Saturday 5 March 2016

Neo-Victorian Voices: March, Geraldine Brooks (2005)

Jo said sadly, "We haven't got Father, and shall not have him for a long time." She didn't say "perhaps never," but each silently added it, thinking of Father far away, where the fighting was.

Louisa May Alcott’s Little Women (1868-9) was remarkable on its publication for centring on the domestic cares and the trials and tribulations of a group of female characters—sisters Meg, Jo, Beth and Amy and their mother, Marmee. Becoming a ‘little woman’ meant facing hardships, taming your feelings and embracing self-sacrifice. The result is a beloved classic that is still read regularly by young girls and has been seen as one of the first representations of ‘all American’ femininity.

Geraldine Brooks takes this well-loved work and examines the opposite side of the coin. If Alcott tells us this is what it means to be a woman at home, what does it mean to be a man at war, and, specifically, what did it mean to be a man on the side of the North in the Civil War?

Geraldine Brooks (1955- )
In March (Winner of the 2006 Pulitzer Prize), she takes the character of the girls’ absent father and constructs a parallel narrative to Little Women, forcing readers to confront the brutal realities of conflict, reassess the March household (in particular the parents’ marriage) and question the absolutism on many narratives concerning the North and its abolition of slavery.

One of my main criticisms of Valerie Martin’s 2003 Property, which I reviewed in this same series on my blog, was its idealised view of Northerners when it came to questions of race. Brooks doesn’t fall into the same trap. Mr March himself is liberal (you might think unbelievably so until you realise he was based on extensive research into Louisa May Alcott’s father Bronson, a vegan educator and reformer). But he is an idealist at sea in a pragmatic world, where Northerners are more than happy to take over plantations to make their fortunes, mistreating former slaves, whose lives are just as hard and more endangered now that they are no longer slaves, but ‘contraband’.

And, while in Property we are never given access to black characters’ views directly, Brooks gives us Grace, a former slave with whom March has had a sexual relationship.

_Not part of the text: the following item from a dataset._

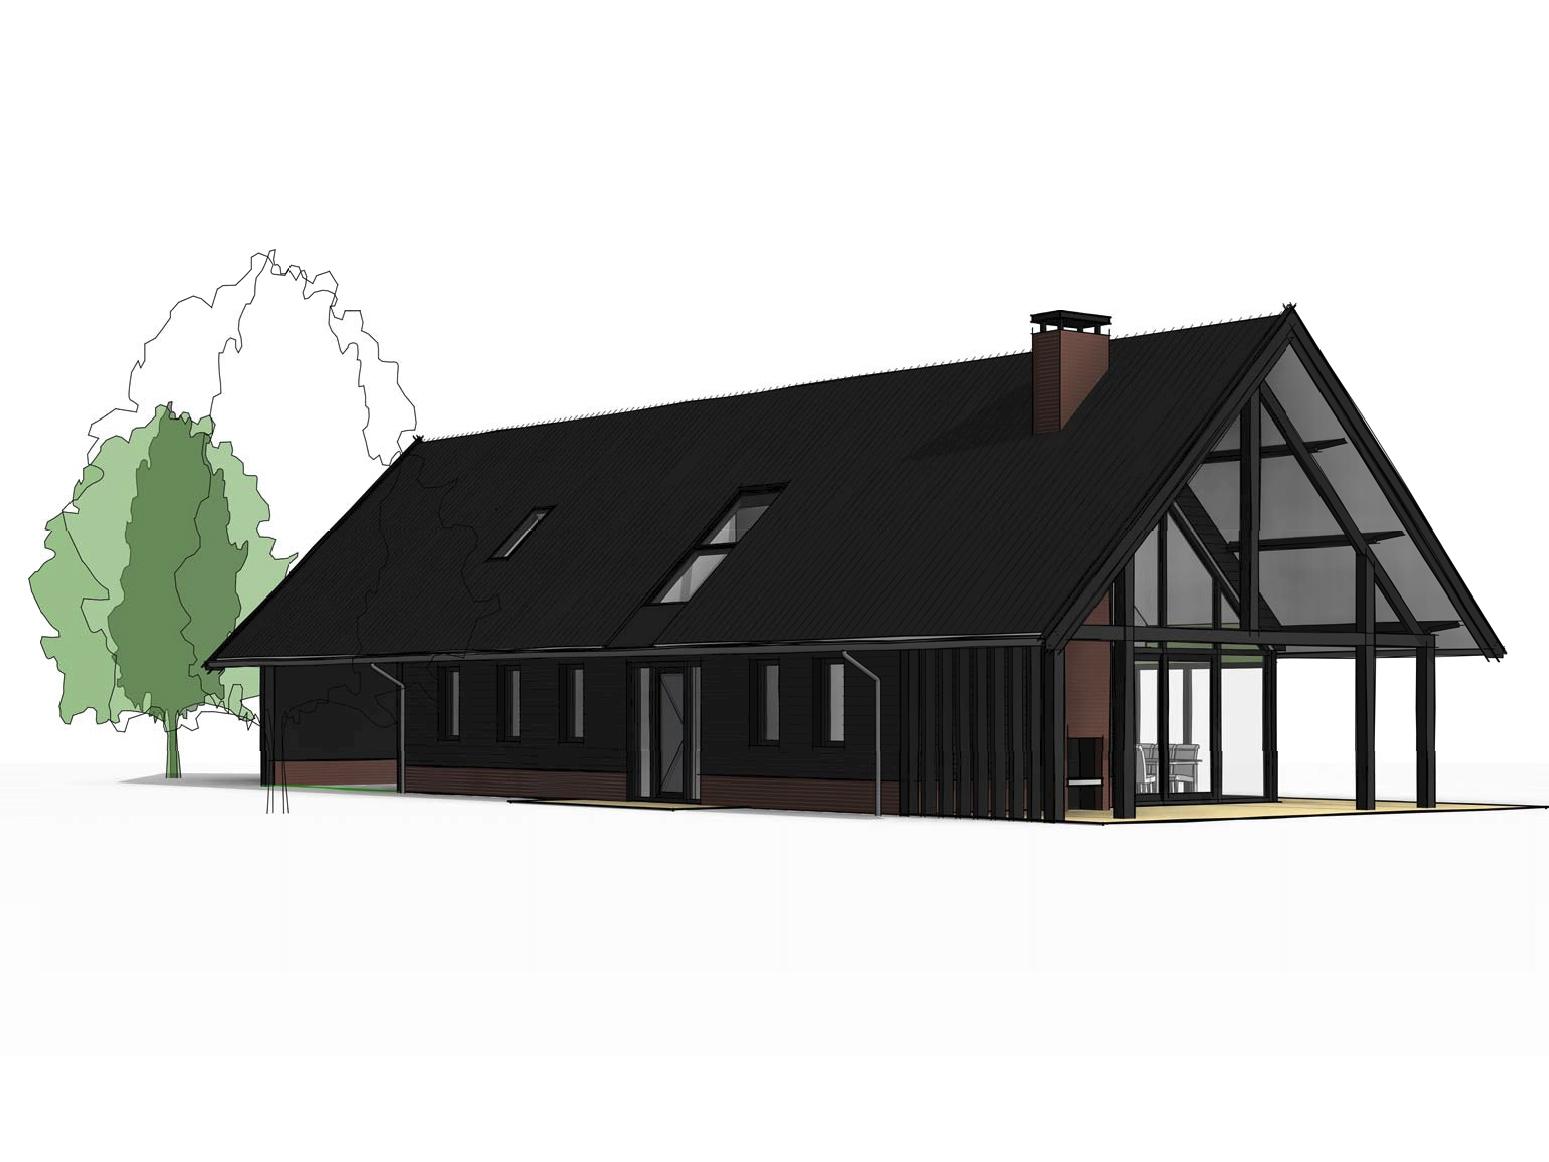 stoere-schuurwoning-klarenbeek-zwart-van-oord-architectuur-wenum-wiesel-apeldoorn-architect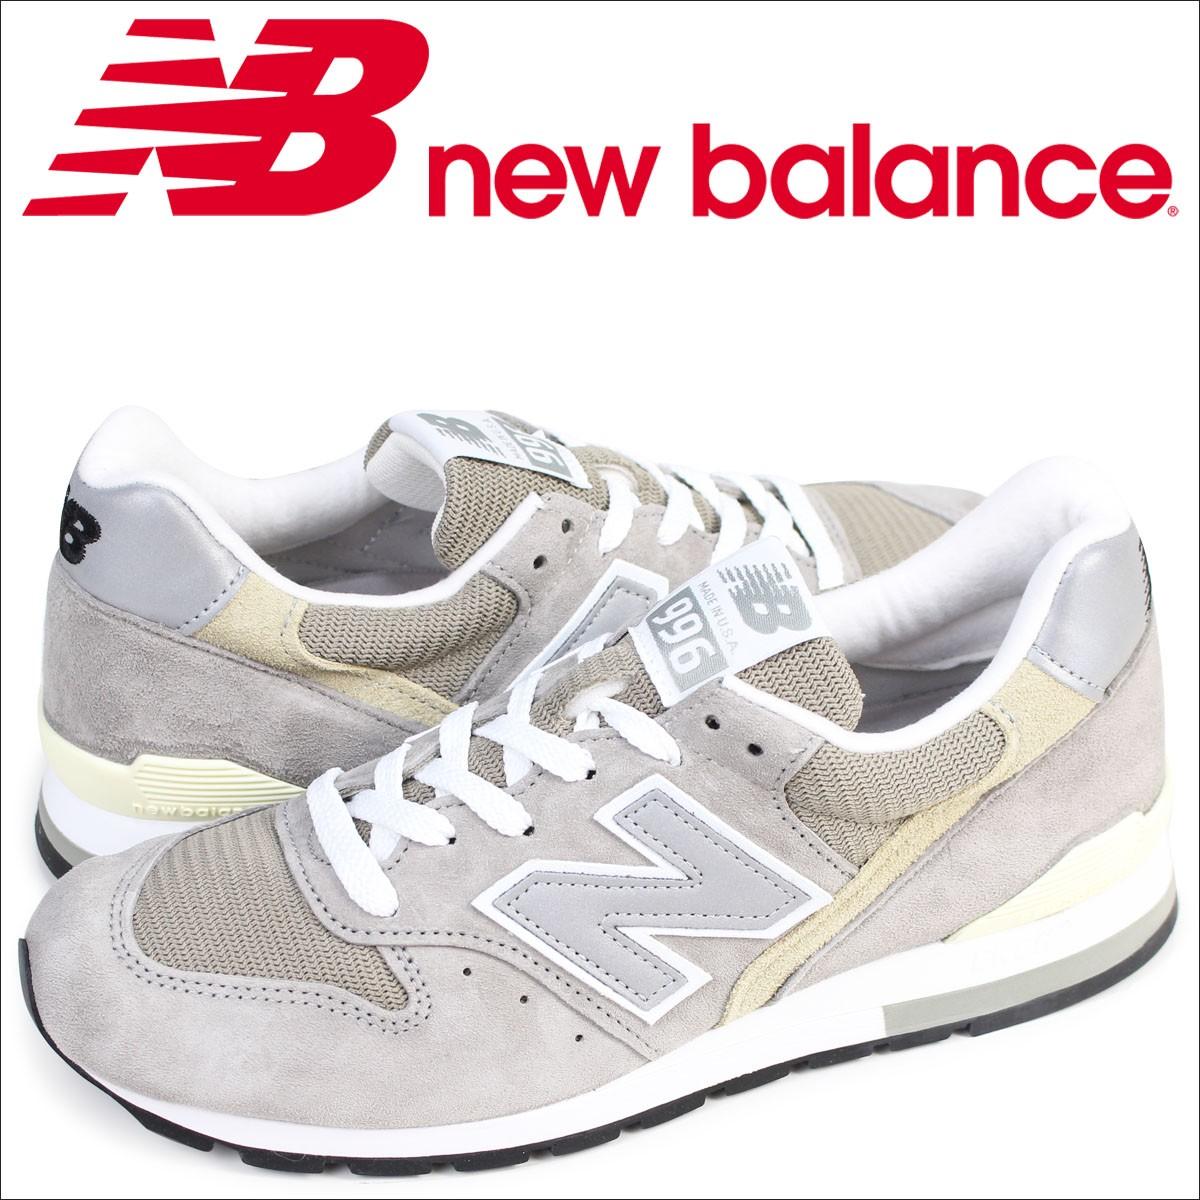 ニューバランス 996 メンズ new balance スニーカー M996 GY Dワイズ MADE IN USA 靴 グレー [1/20 追加入荷]

It is she who has the final say on March’s on-going involvement in the war:

“We have had a enough of white people ordering our existence! There are men of my own race more versed in how to fetch and carry than you will ever be. And there are Negro preachers aplenty who know the true language of our souls. A free people must learn to manage its own destiny.”

Grace is of course in a better position than many former slaves. She is well spoken and educated, due to being the illegitimate daughter of a plantation owner. But March’s life is actually saved by another black female character—Zannah. Zannah is mute (her tongue was cut out while a group of men raped her) and was totally illiterate until March’s arrival to teach on the plantation.

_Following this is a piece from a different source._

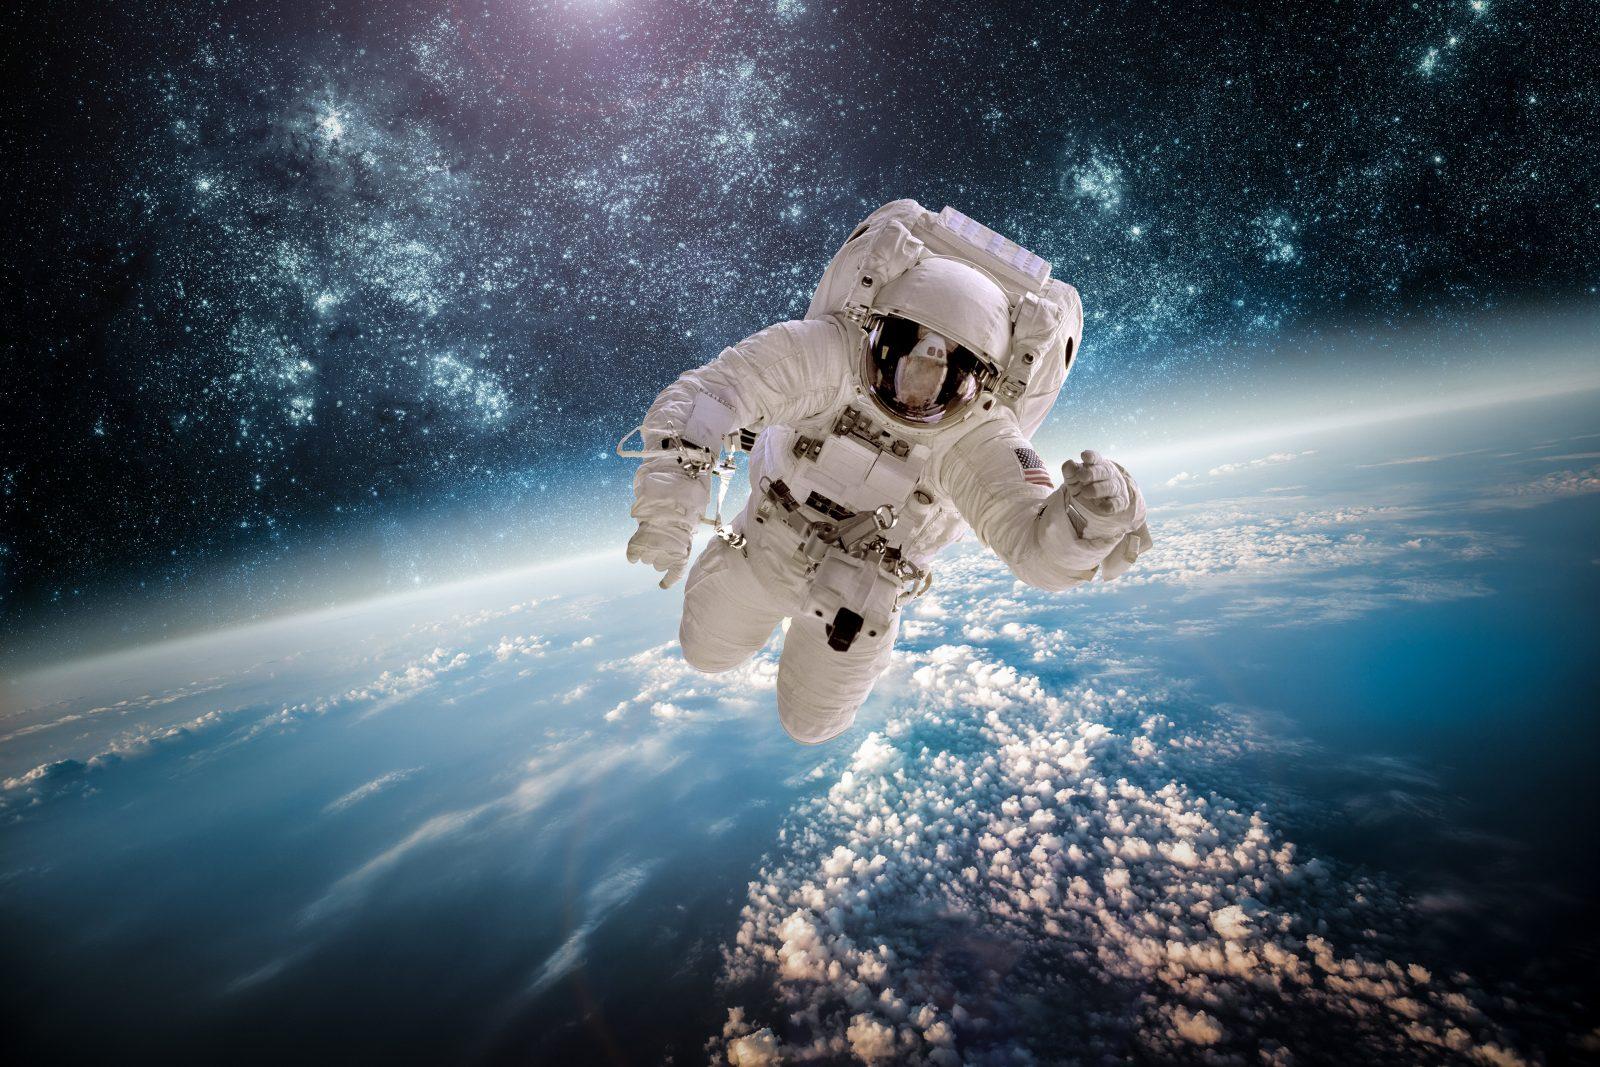 космонавт над землёй

Her inability to communicate provides a stark contrast to Mr March. Unlike Zannah, he has the tools of language at his disposal, but he is still unable to tell the truth in his letters—instead sending Marmee and the girls a highly edited, and at times falsified, account of his time away from them.

This leaves Brooks with a plot problem. To be true to her source text, March must fall ill, prompting Marmee’s journey to Washington, and she can’t sustain this section in his first person. So, at the 200-page mark, we have a sudden shift of POV and continue the story from Marmee’s perspective.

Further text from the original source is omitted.